Due to government restrictions and social distancing recommendations, all our networking events in Tokyo, Singapore, Hong Kong and Australia are currently on hold. We are monitoring the situation and hope to be able to resume our event schedule soon.
Monthly Archives: July 2014
Michael Garrow and Johannes Kaps have taken another big step by selling a stake in their business, HS Group, to TPG Capital. HS Group is focused on seeding new Asian hedge fund managers.
Stephen Fisher, Chairman and CIO, First Degree Global Asset Management
Three years ago Stephen “Fish” Fisher, aka DJ Dr Fish, left JP Morgan after a couple of decades at the firm to set up his own fund in Singapore. Fish is now the Chairman and CIO of First Degree Global Asset Management.
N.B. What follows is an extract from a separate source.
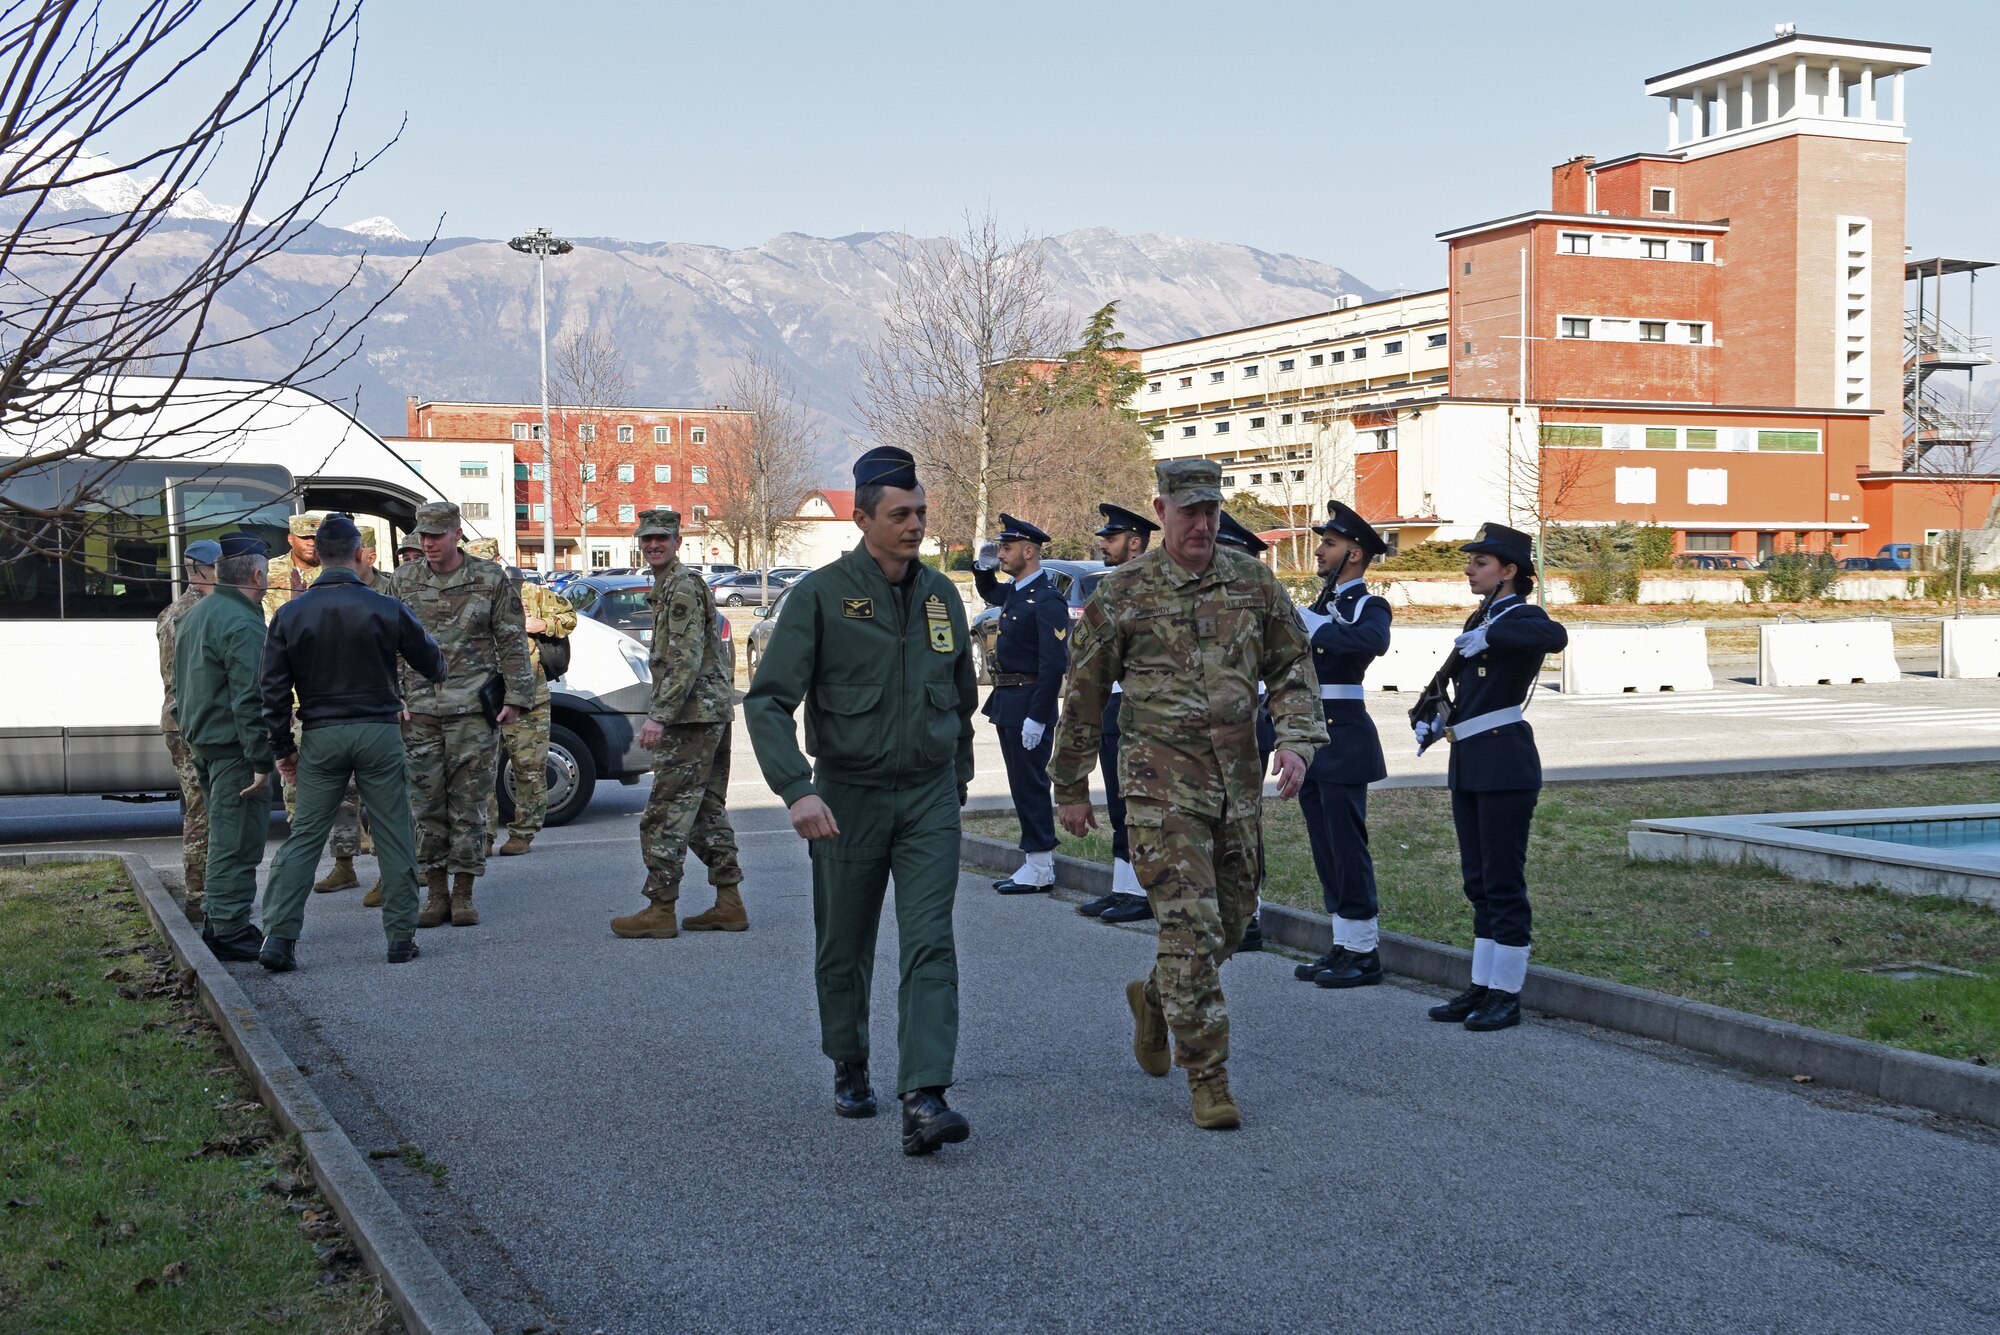 U.S. Air Force Maj. Gen. John Gordy, U.S. Air Force Expeditionary Center commander, right, meets with Italian air force Col. Luca Crovatti, Aviano Air Base commander, left, during a site visit of the 724th Air Mobility Squadron at Aviano Air Base, Italy, Jan. 24, 2020. The USAF Expeditionary Center provides direct oversight for the Global Air Mobility Support System and installation support, contingency response and building partnership capacity mission sets within the global mobility enterprise.
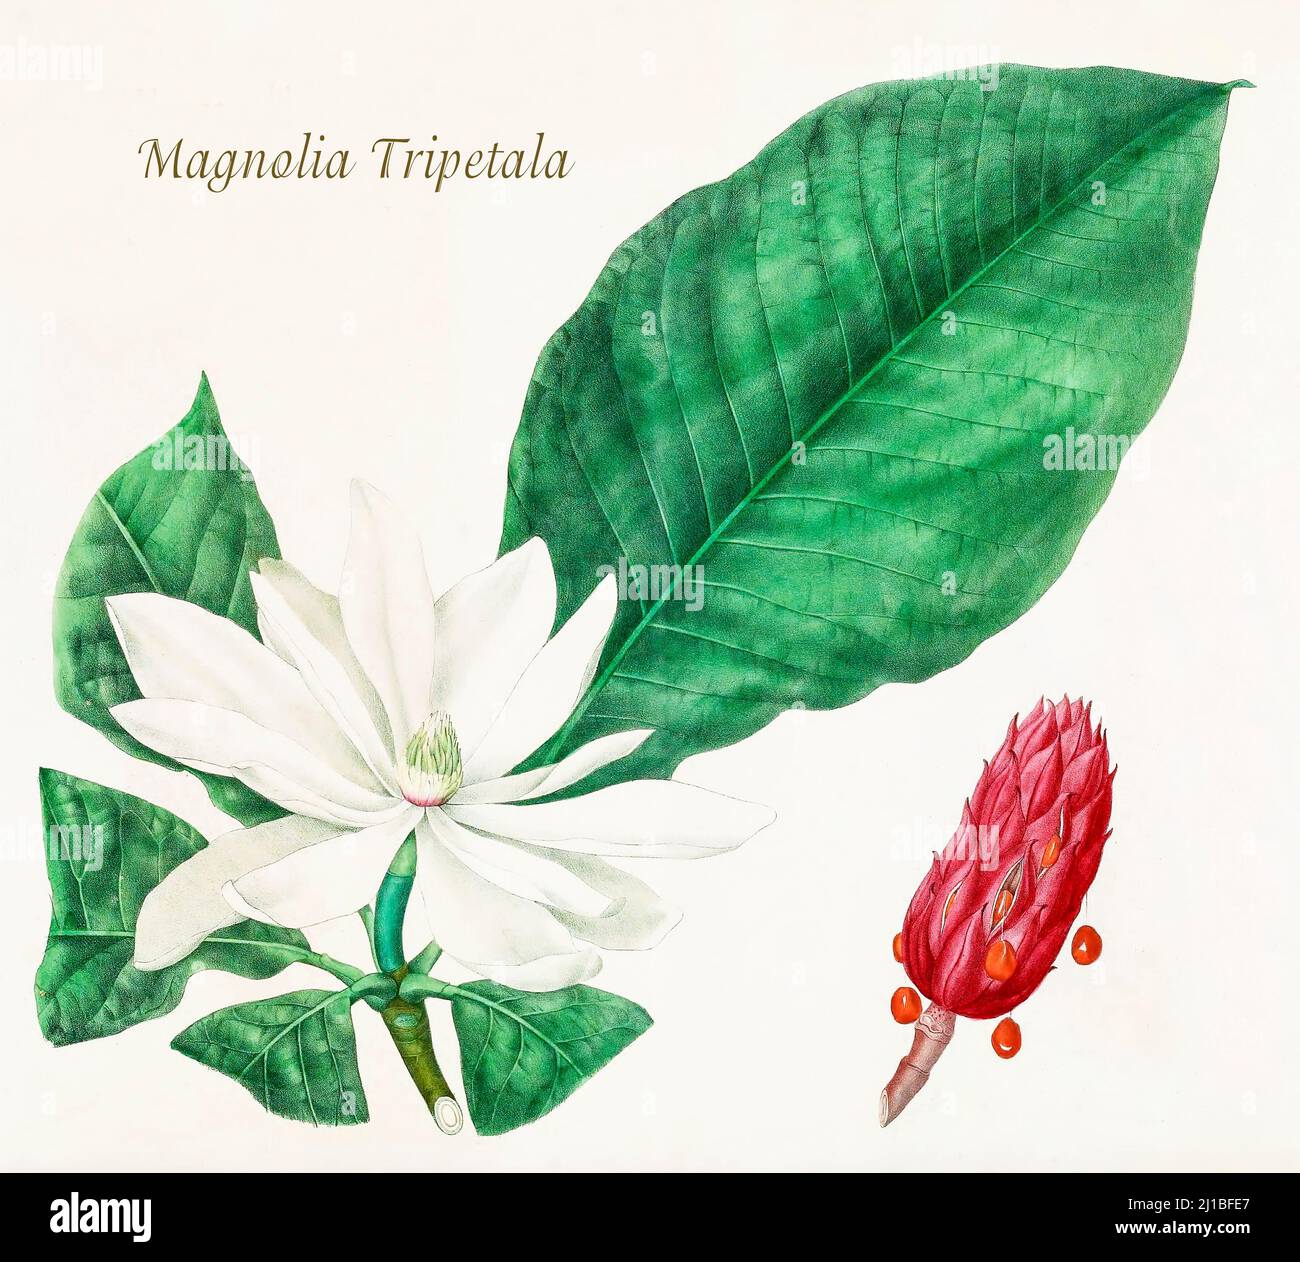 A late 19th century illustration of Magnolia tripetala, aka Umbrella Magnolia  a tree of the family Magnoliaceae native to the southeastern United States. The illustration by Asa Gray prepared between the years 1849 and 1859, to accompany a report on the forest trees of North America, Washington. Stock Photo

HFC’s Stefan Nilsson decided that it was a good time to have a chat with Fish about running money, house music, shovelling snow, what gets him out of bed in the morning, aircraft leasing and fishing for absolute returns.
Tell us about your journey from Australia, via a distinguished international JP Morgan career to setting up your own fund in Singapore.
After finishing my undergrad in Sydney, I baulked at getting a job so I gained entrance to grad school in Rochester, New York. I turned up without an overcoat, which was a big mistake since Rochester is in the snowbelt. It was cold and I spent five winters shovelling snow. I promised myself that when I graduated I would live in the tropics. I started, dirt poor, in New York City working for JPMorgan Asset Management and they eventually gave me the opportunity to move to the tropics, i.e. Singapore! From day one at JPMAM I really wanted to re-engineer the investment process but it is difficult to change the course of a supertanker. A few years ago I opted to start my own fund in the tropics and shape an investment process that is exactly how I think money should be managed.
You have now run your own fund for three years. Please explain your investment strategy and investment process.
Around the same time as I started studying finance in Rochester, there was a realisation that asset markets were, in fact, predictable. This was cathartic since the prevailing belief had been that market prices were random walks, i.e. unpredictable.The interesting feature of this discovery was that forecast power is strongest at longer horizons. That means that short term market gyrations occurring on a daily, weekly or monthly basis are more like random noise which mask longer term cyclical patterns. Our process simply focuses on these longer term predictable regularities and ignores short term fads. We don’t pay much attention to the headlines in the Financial Times!
What differentiates you from other similar fund managers out there?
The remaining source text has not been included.